** Opening Data block block **

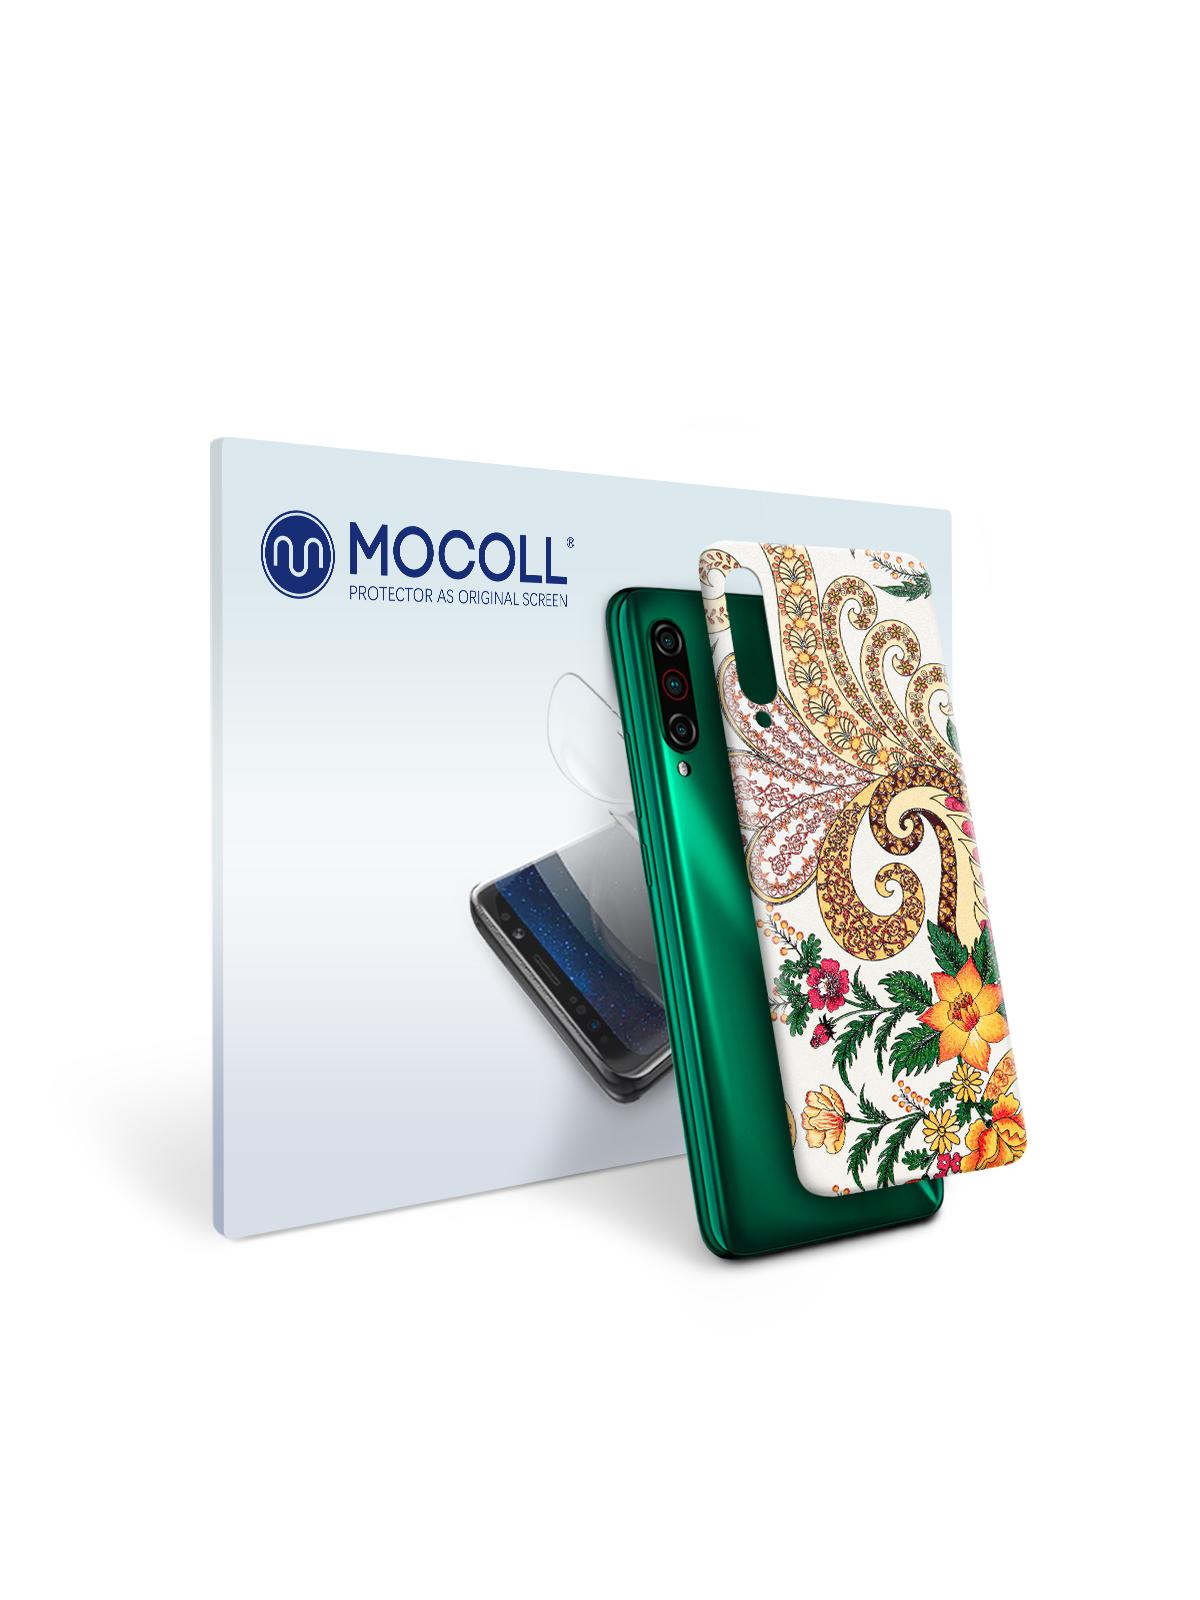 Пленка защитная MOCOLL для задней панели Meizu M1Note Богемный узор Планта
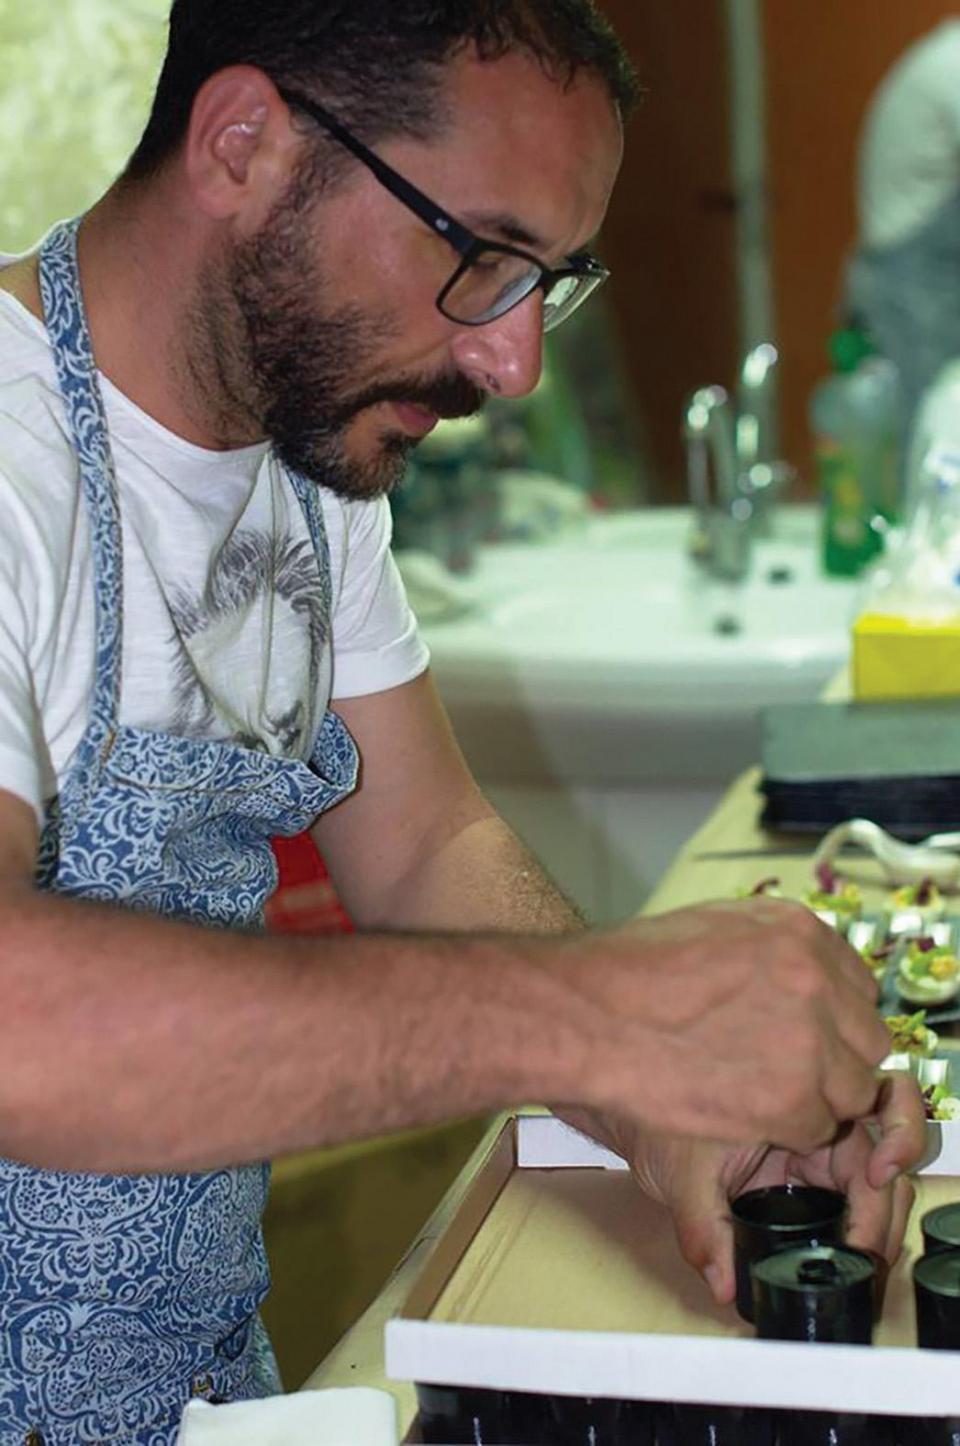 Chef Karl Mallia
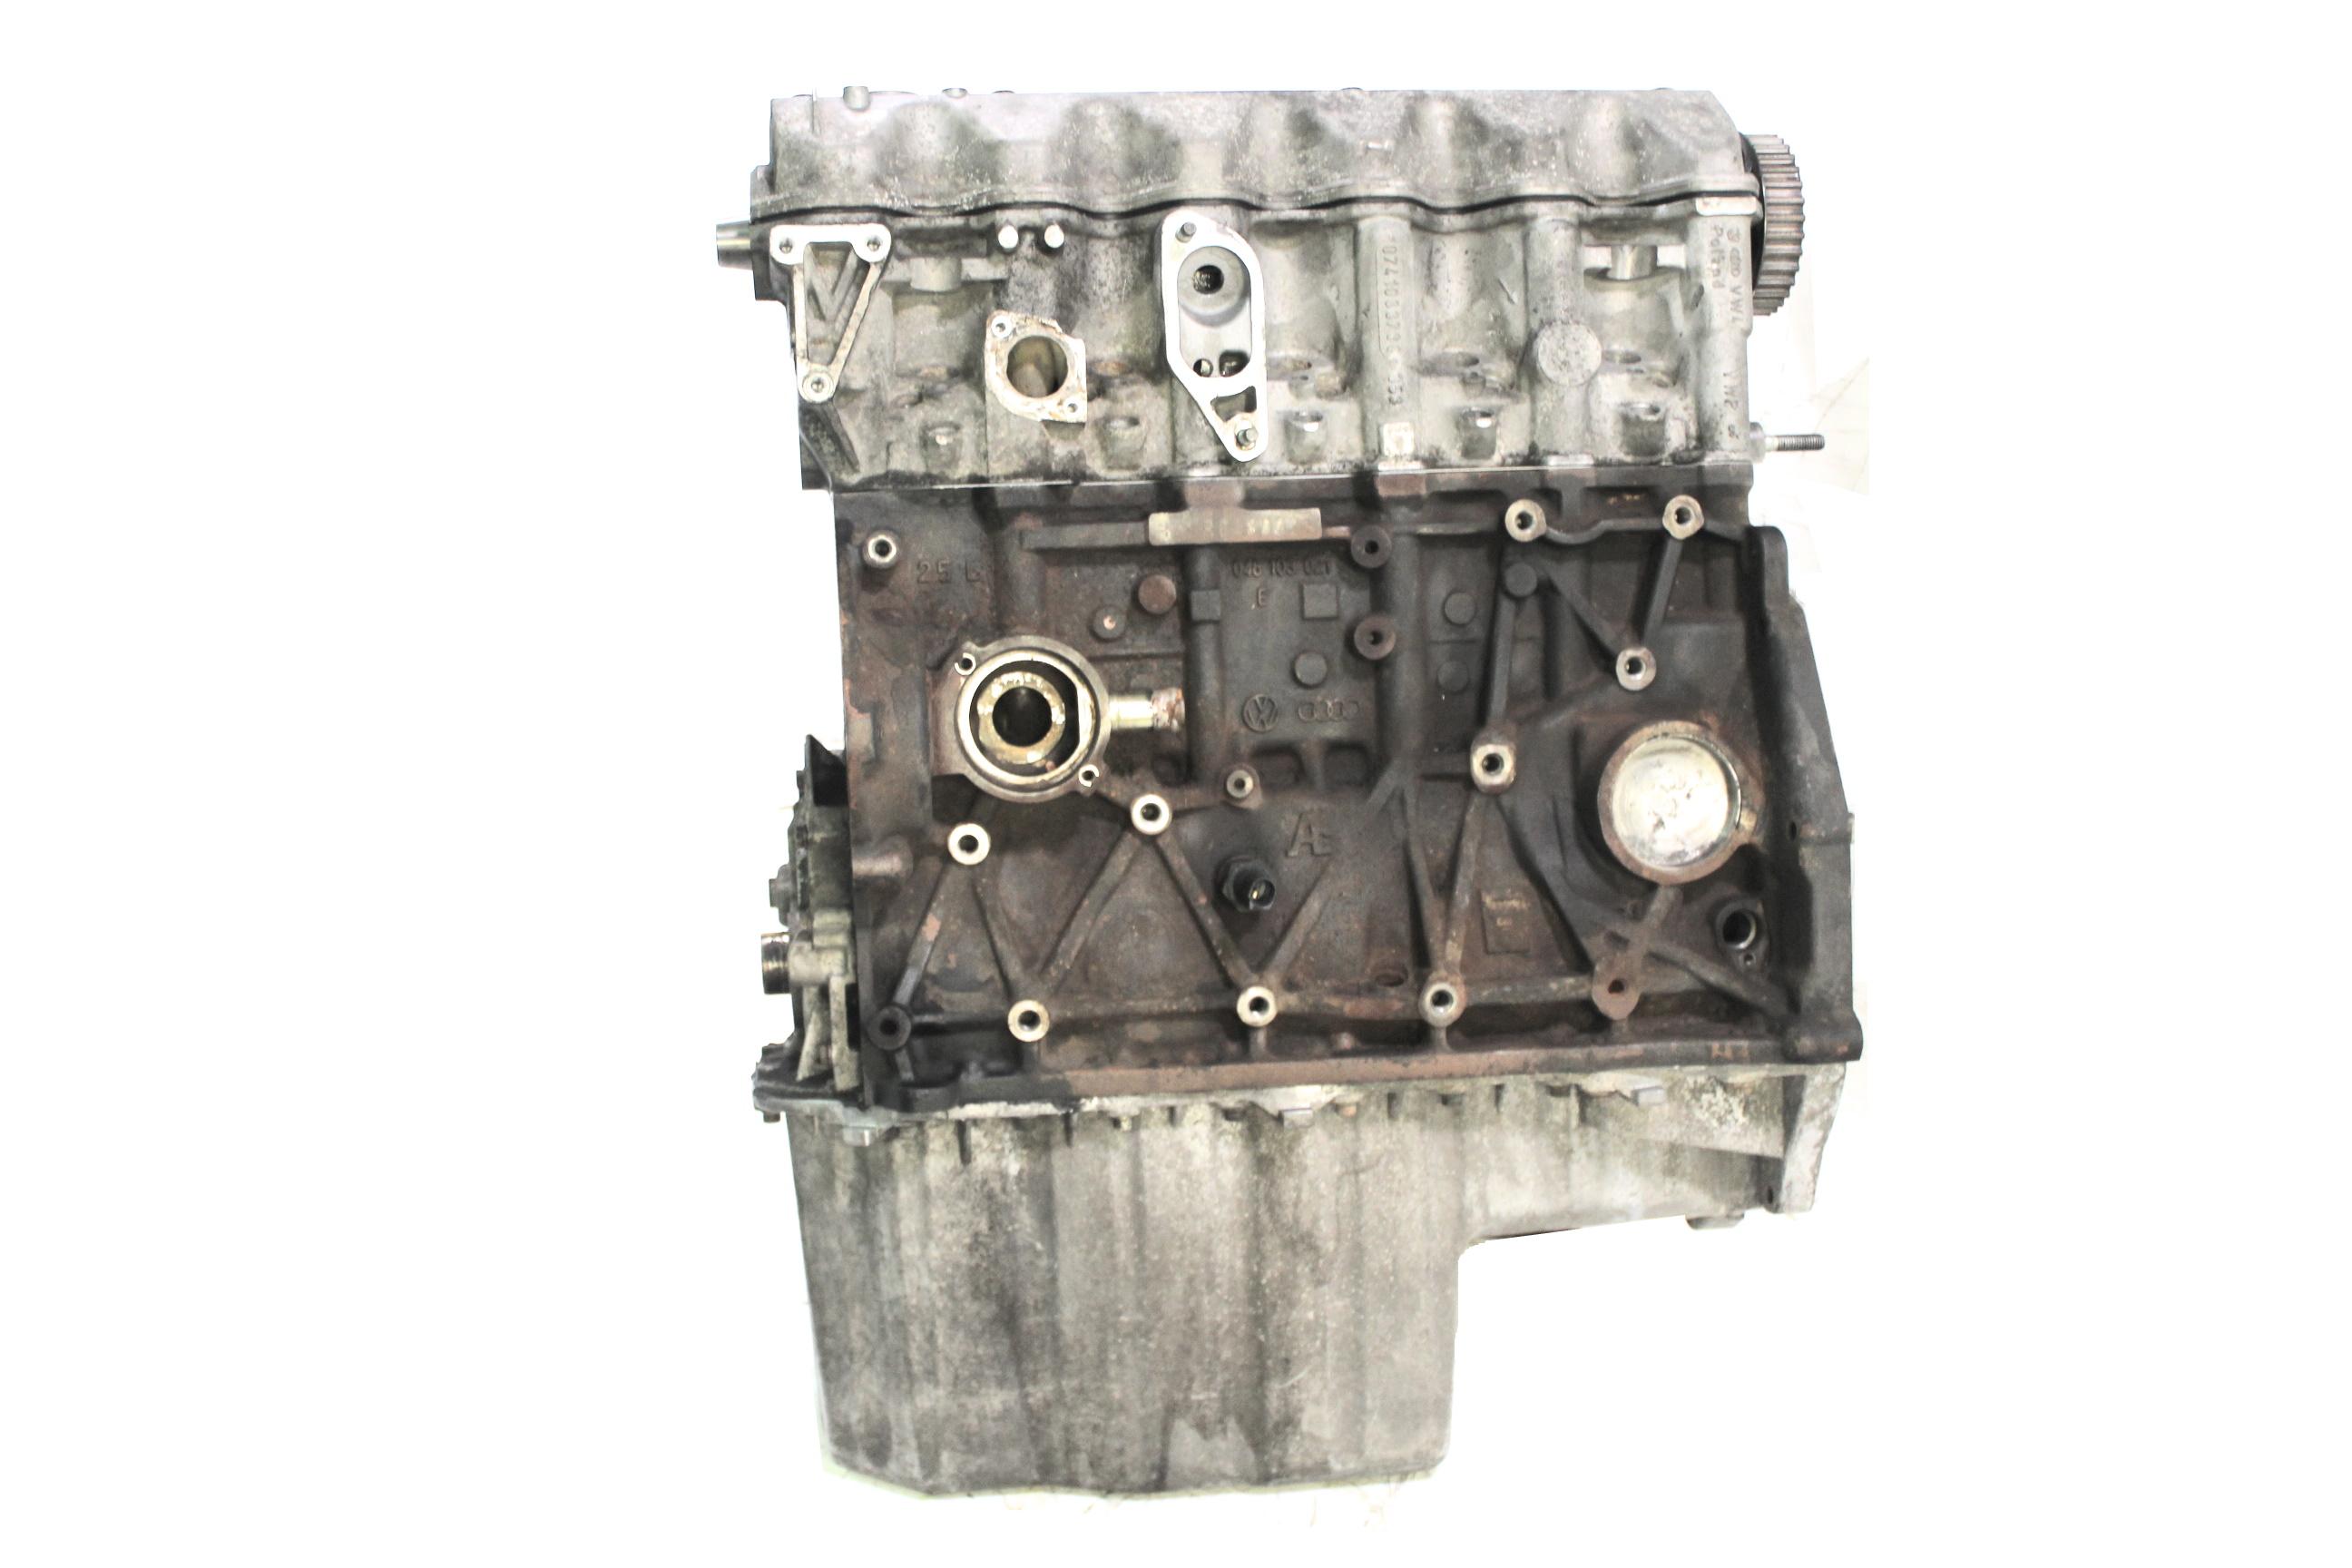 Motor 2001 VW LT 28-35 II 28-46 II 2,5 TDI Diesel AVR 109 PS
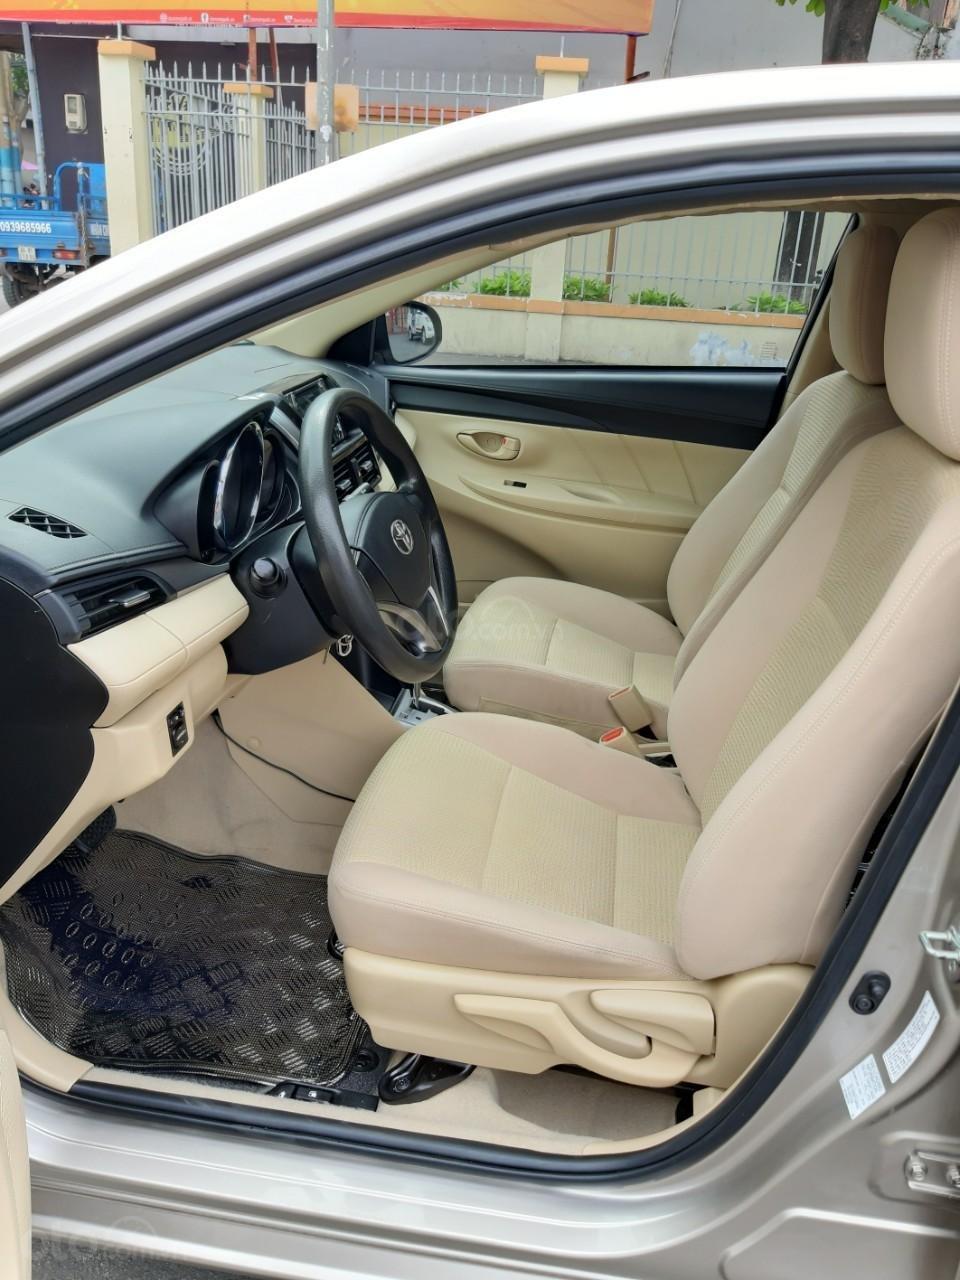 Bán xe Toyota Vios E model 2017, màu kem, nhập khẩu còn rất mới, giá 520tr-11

** Closing Data block block **

• [Your objective]: A faithful copy of all the data above is required, printed exactly and with no pictures.

• [Written answer]:
 Пленка защитная MOCOLL для задней панели Meizu M1Note Богемный узор Планта
 Chef Karl Mallia
 Motor 2001 VW LT 28-35 II 28-46 II 2,5 TDI Diesel AVR 109 PS
 Bán xe Toyota Vios E model 2017, màu kem, nhập khẩu còn rất mới, giá 520tr-11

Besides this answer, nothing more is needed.